Network pundits, political consultants, and French army generals share a preoccupation: They are often wound up in fighting the last war.
“Thee has been a preoccupation with 2016,” former Obama campaign manager David Plouffe said Monday morning on MSNBC.
All over the airwaves, the weekend’s television coverage of Election 2020 seemed obsessed with finding “paths” whereby Donald Trump can repeat his 2016 upset Electoral College win. Tossup states blinked red on the big board.
Media executives know higher ratings are more likely if millions of us are hanging on the edge of our seats, unable to move, so they have every reason to try to portray this election as extremely competitive and down to the wire.
Brett Baier of Fox said the race is “tightening fast,” even as an NBC/Wall Street Journal poll found Joe Biden with a 52–42 percent lead nationally, ahead by 51–46% in battleground states, with a new Monmouth Poll putting Biden up 51–44% in pivotal Pennsylvania.
Democrats are “worried,” we were told.

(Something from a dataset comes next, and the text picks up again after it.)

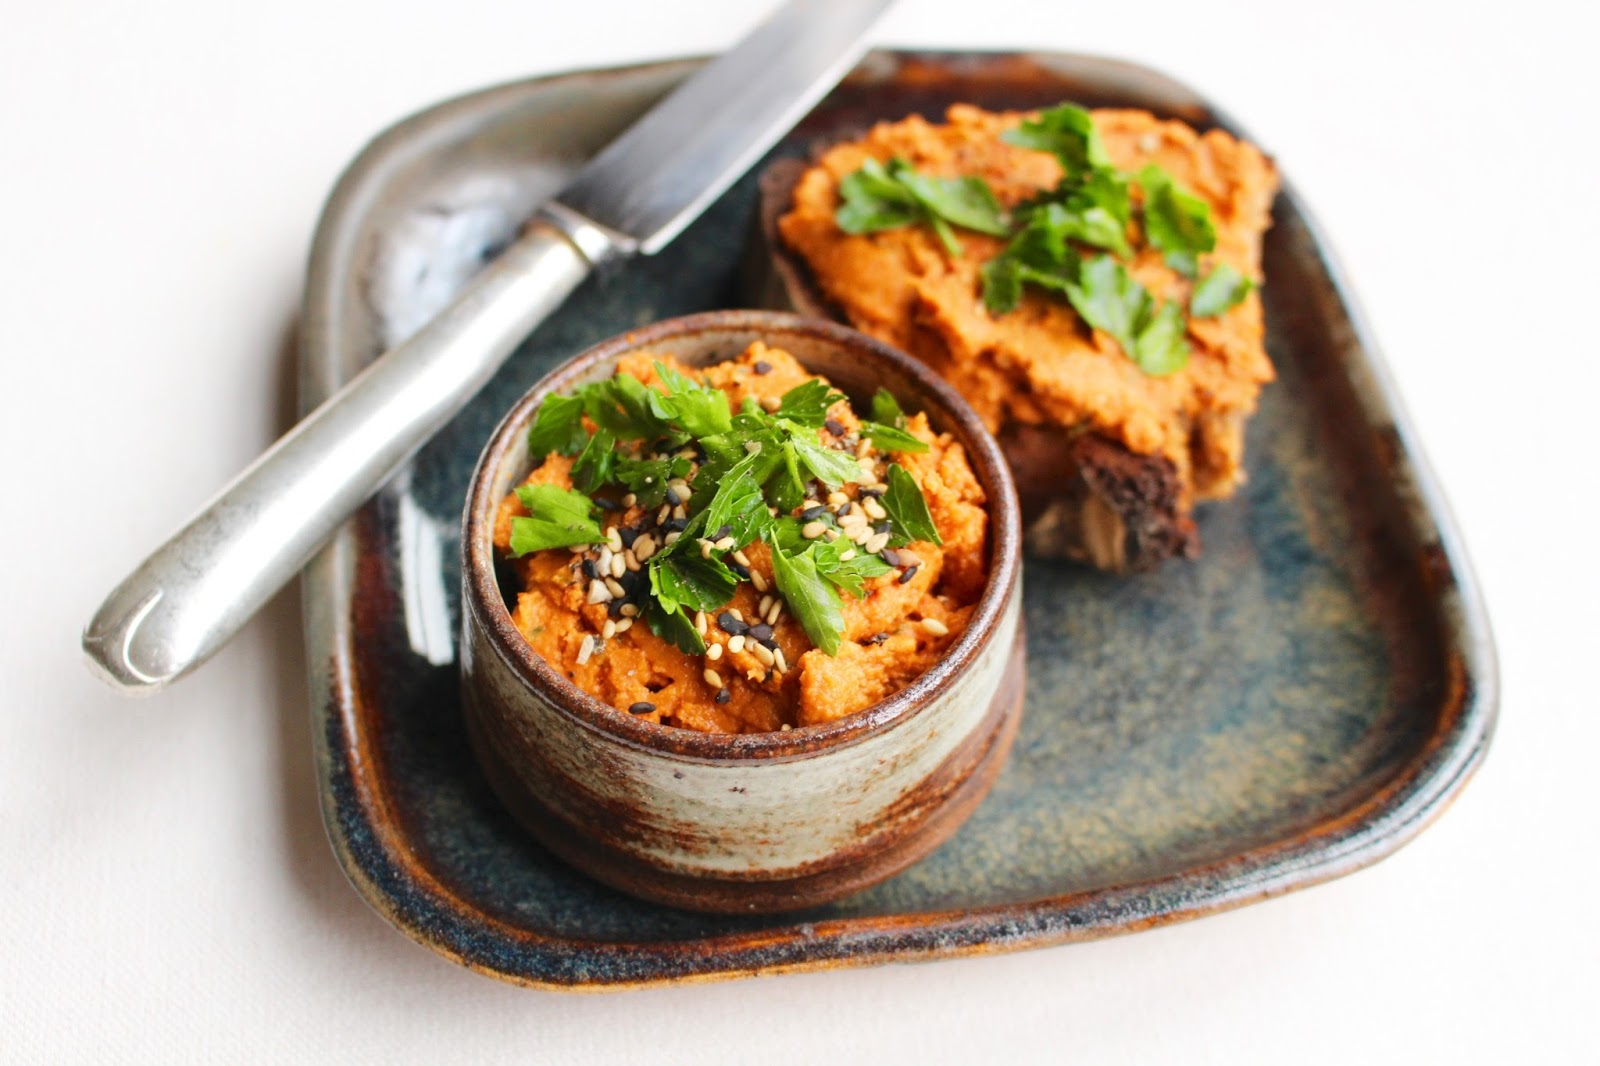 Red hummus recipe

Without Pennsylvania, “Biden becomes an underdog,” said Nate Silver of FiveThirtyEight.
Trump is supposedly making Latino vote inroads in Florida.

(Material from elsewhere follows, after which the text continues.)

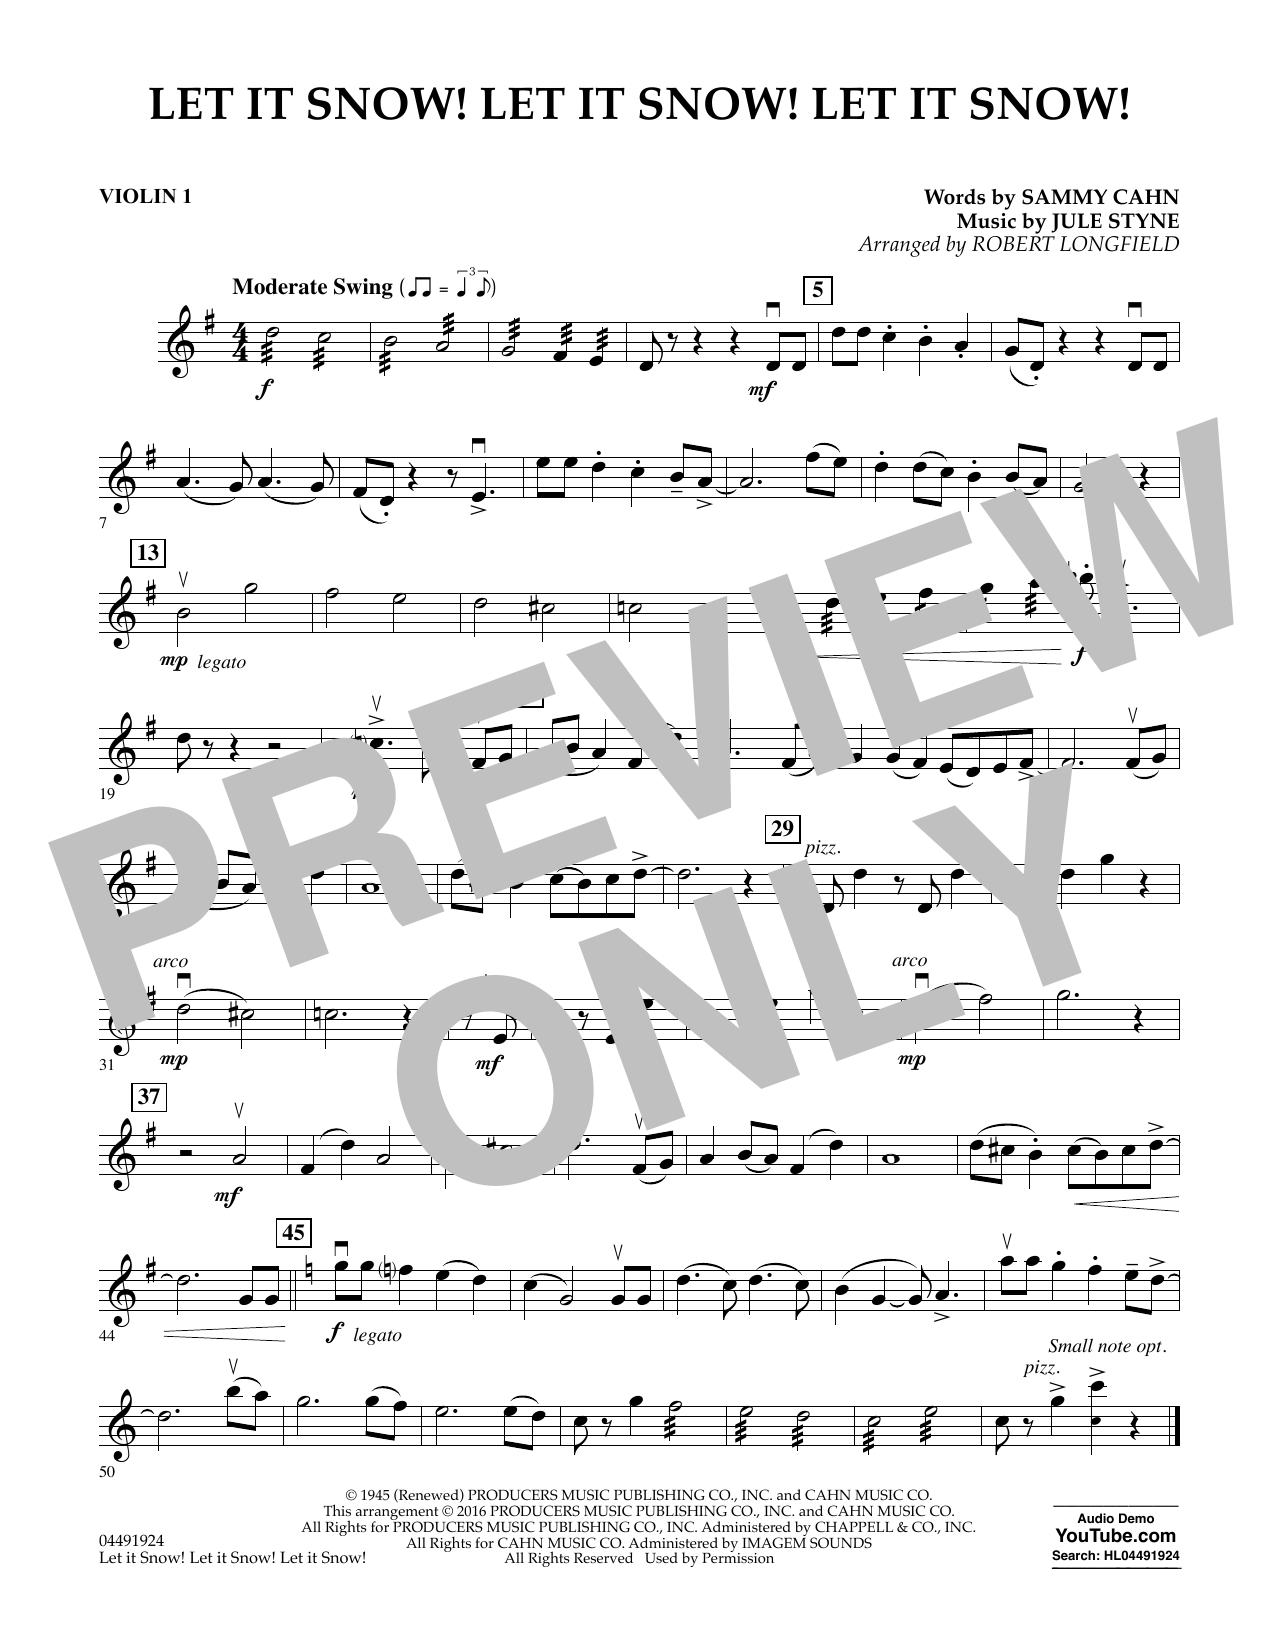 Let It Snow! Let It Snow! Let It Snow! - Violin 1 Sheet Music

Miami/Dade County isn’t turning out for the Democrats.
And, courtesy of Washington bred Trump strategist Jason Miller, the incumbent is going to “flip” Nevada and hold onto Arizona.
Veteran Nevada political writer John Ralston batted down Miller’s prediction with a tweet on Monday morning, writing: “It’s almost impossible for Trump to win the rurals by as much as Biden will win Clark County.”

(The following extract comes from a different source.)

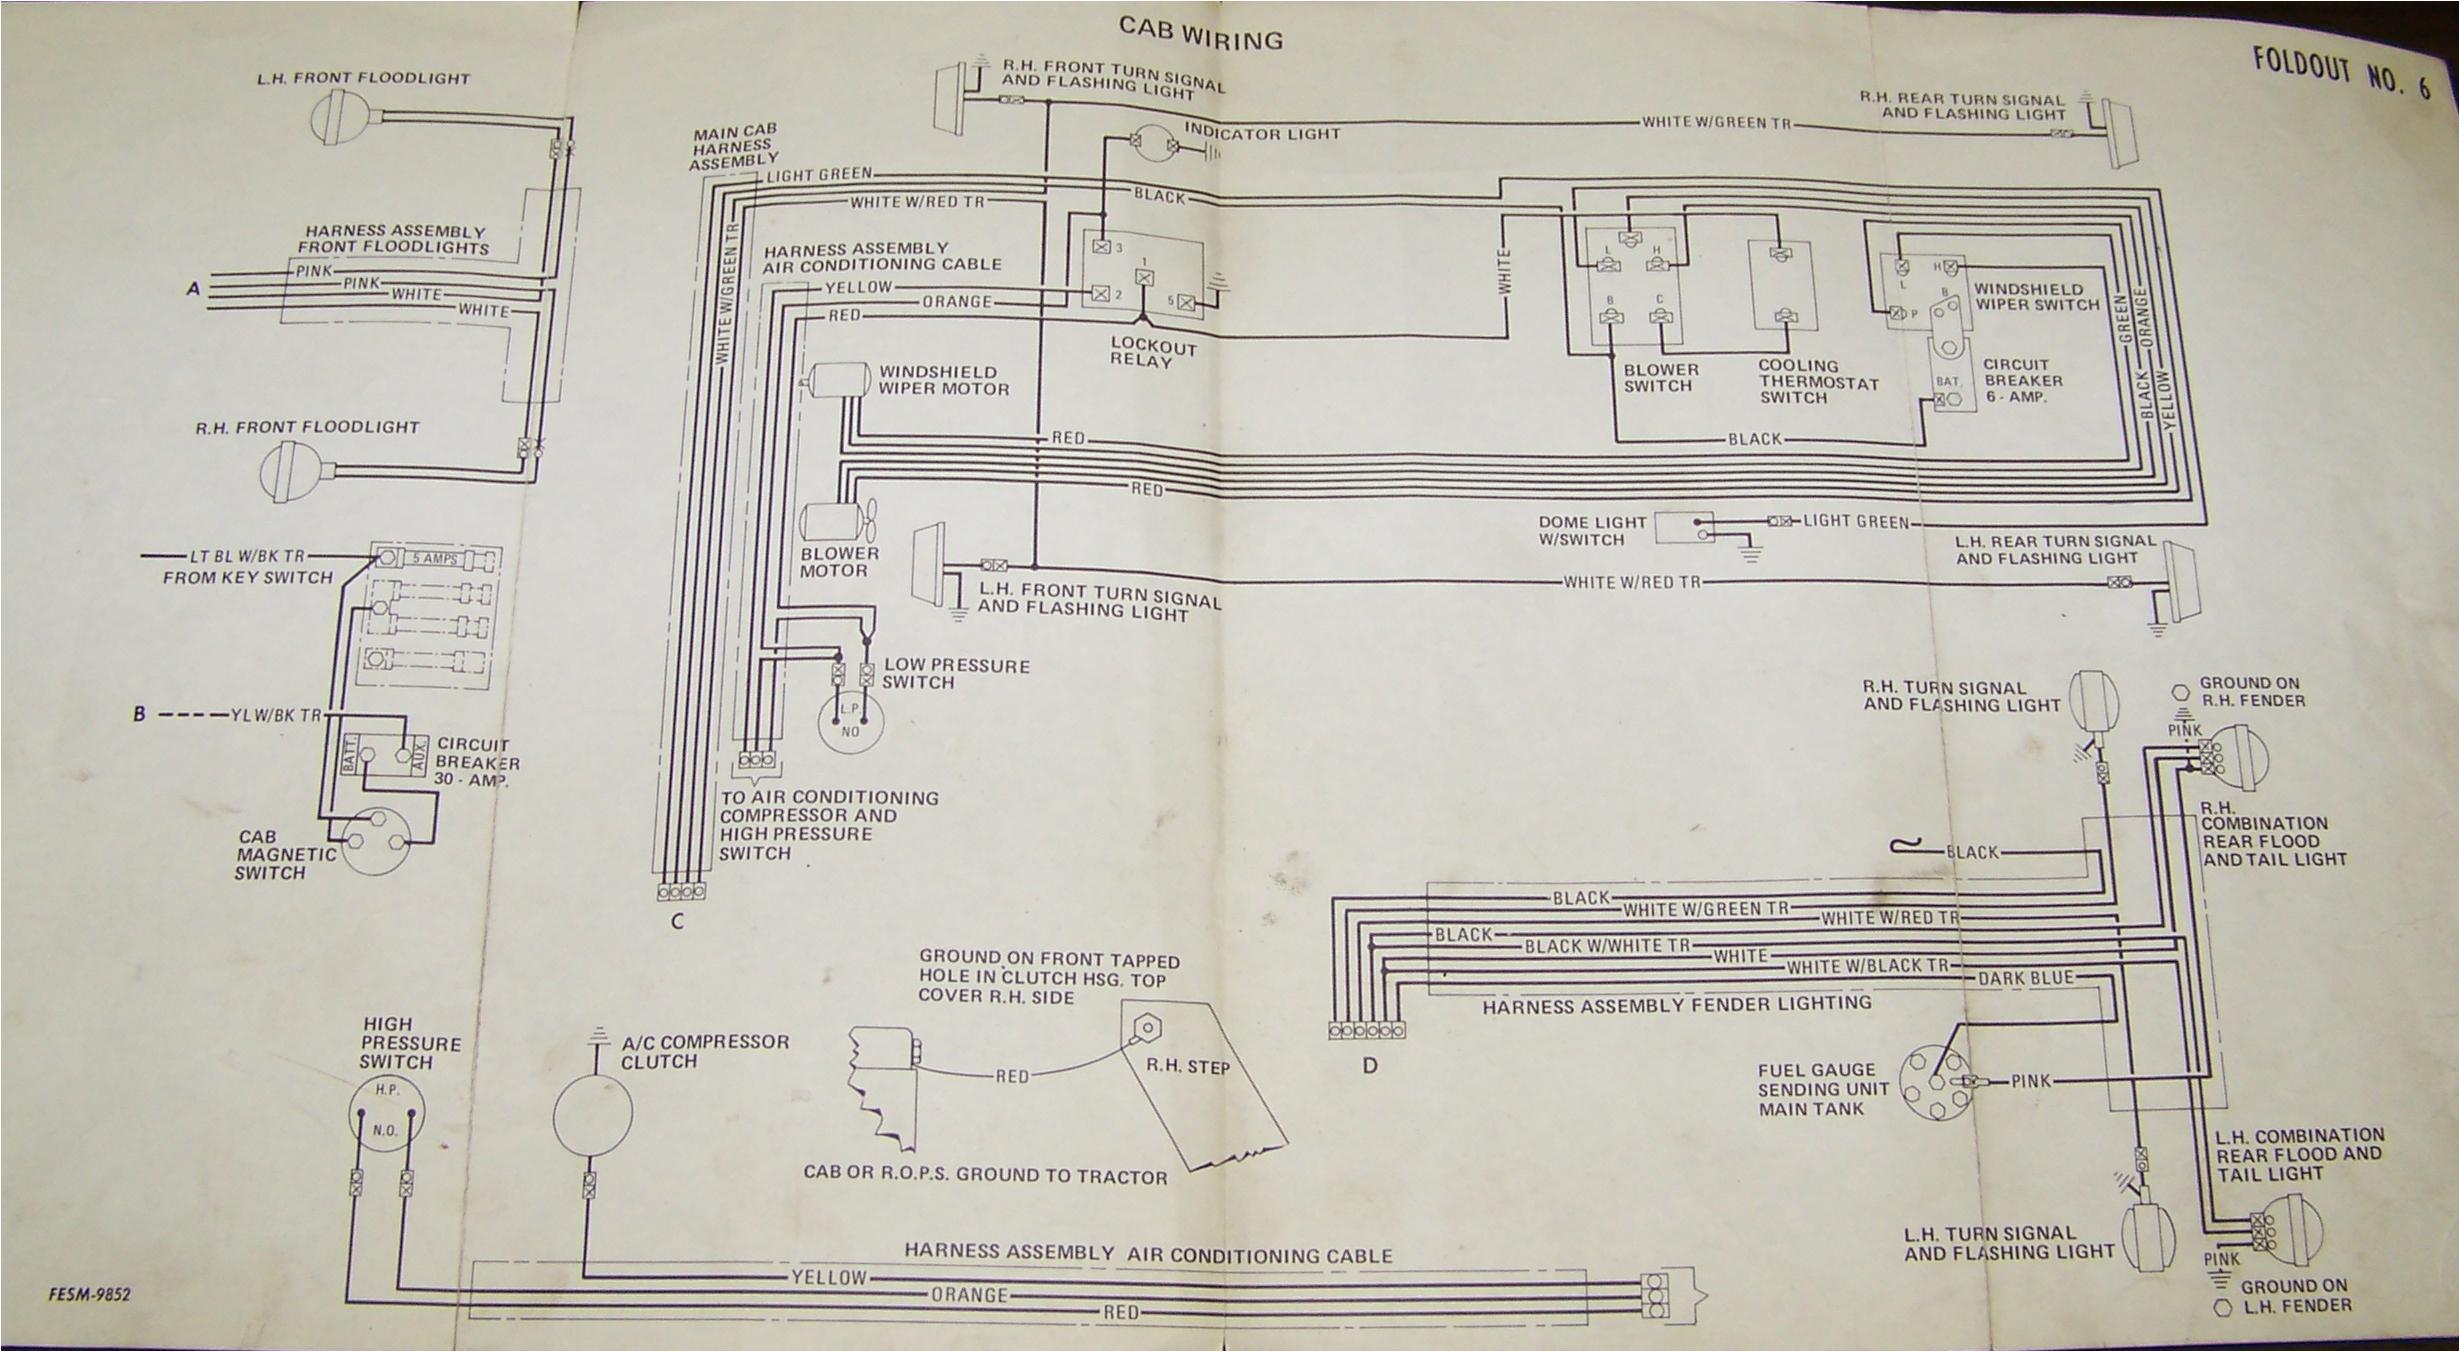 Case Ih 5240 Wiring Diagram Case Ih 5240 Wiring Diagram Data Schematic Diagram

A vast amount of chatter precedes any election.
Trashy polls get equal treatment with the most professional of surveys.
When you look at their crosstabs, the Republican firm Trafalgar Group predicts that Trump will get a quarter of the vote from African American men.
In your dreams.
The reality out there is that we’re seeing an unprecedented level of participation. Ninety-five million votes have already been submitted, approaching two thirds of the total 2016 turnout. Look at the nine million-plus votes already cast in Texas, plus or minus the 127,000 that Republicans have tried to get thrown out.
Many are from folks who’ve recently moved to the Lone Star State, a and a surprising number come from young voters.
Georgia’s 2018 Democratic gubernatorial candidate Stacey Abrams deserves a medal (and Cabinet post?) for declining a presidential run, and instead fighting voter suppression in the Peachtree State. She has put Georgia in play, and lured Biden, Kamala Harris and Barack Obama to campaign there. Impatience with voter suppression has been met with the patience of those waiting hours to vote.
Parkland, Florida, massacre survivors with March For Our Lives have mounted a nationwide campaign (largely unnoticed in the media chatter) to get eighteen to thirty-four year olds to vote, potentially Biden’s strongest electoral base.
All of this is to say, the election may be a referendum on Trump, but Biden is strongly favored to be our forty-sixth president. The chances of a “blue wave,” or even a blue tsunami, are greater than Trump finding his path.
Trump is acting more like a cult chieftain than a pathfinder.
He has picked a last minute fight with the nation’s premier pandemic expert, Dr. Anthony Fauci. “Fire Fauci!” changed Trump’s crowd Sunday night in pandemic-stricken Wisconsin. The incumbent implied he would do just that.
The perfect Biden rejoinder: “I got a better idea. Elect me and I’m going to hire Dr. Fauci. And we’re going to fire Donald Trump.”
Trump was out on the trail defending his campaign’s bullyboys.
He praised the caravan of trucks and cars, sporting Trump-Pence flags, which surrounded a Biden-Harris bus Sunday in Texas, forcing it to slow to twenty miles per hour and then trying to force it off the road.
He was in North Carolina on Monday, denouncing a Fox announcer for (allegedly) lowballing the size of his crowd, and describing Fox’s pollster as a fake and fraud for the network’s latest figures: Biden 52 percent and Trump 44 percent.
To hear Trump decry the closest thing the Republican Party has to a party-owned television channel is like witnessing L’Osservatore Romano denouncing the Pope.
Hence, there’s much reason for hope, to calm the nerves, tune out the chatter, and funnel your activism not to fretting but to boosting Washington’s already spectacular turnout. Will King County get to ninety percent? Hope so.
It’ll be grand fun to tell British Columbia friends that our pandemic-stricken election produced a far higher voter turnout than theirs.
One Comment
I wish there was a way to restrict media coverage of polls. Can’t do anything about print press and blogs, but for TV and radio, the FCC could impose a regulation that, for every minute that they devote to coverage of a poll, they must devote a minute to covering the position of one of the candidates on an issue.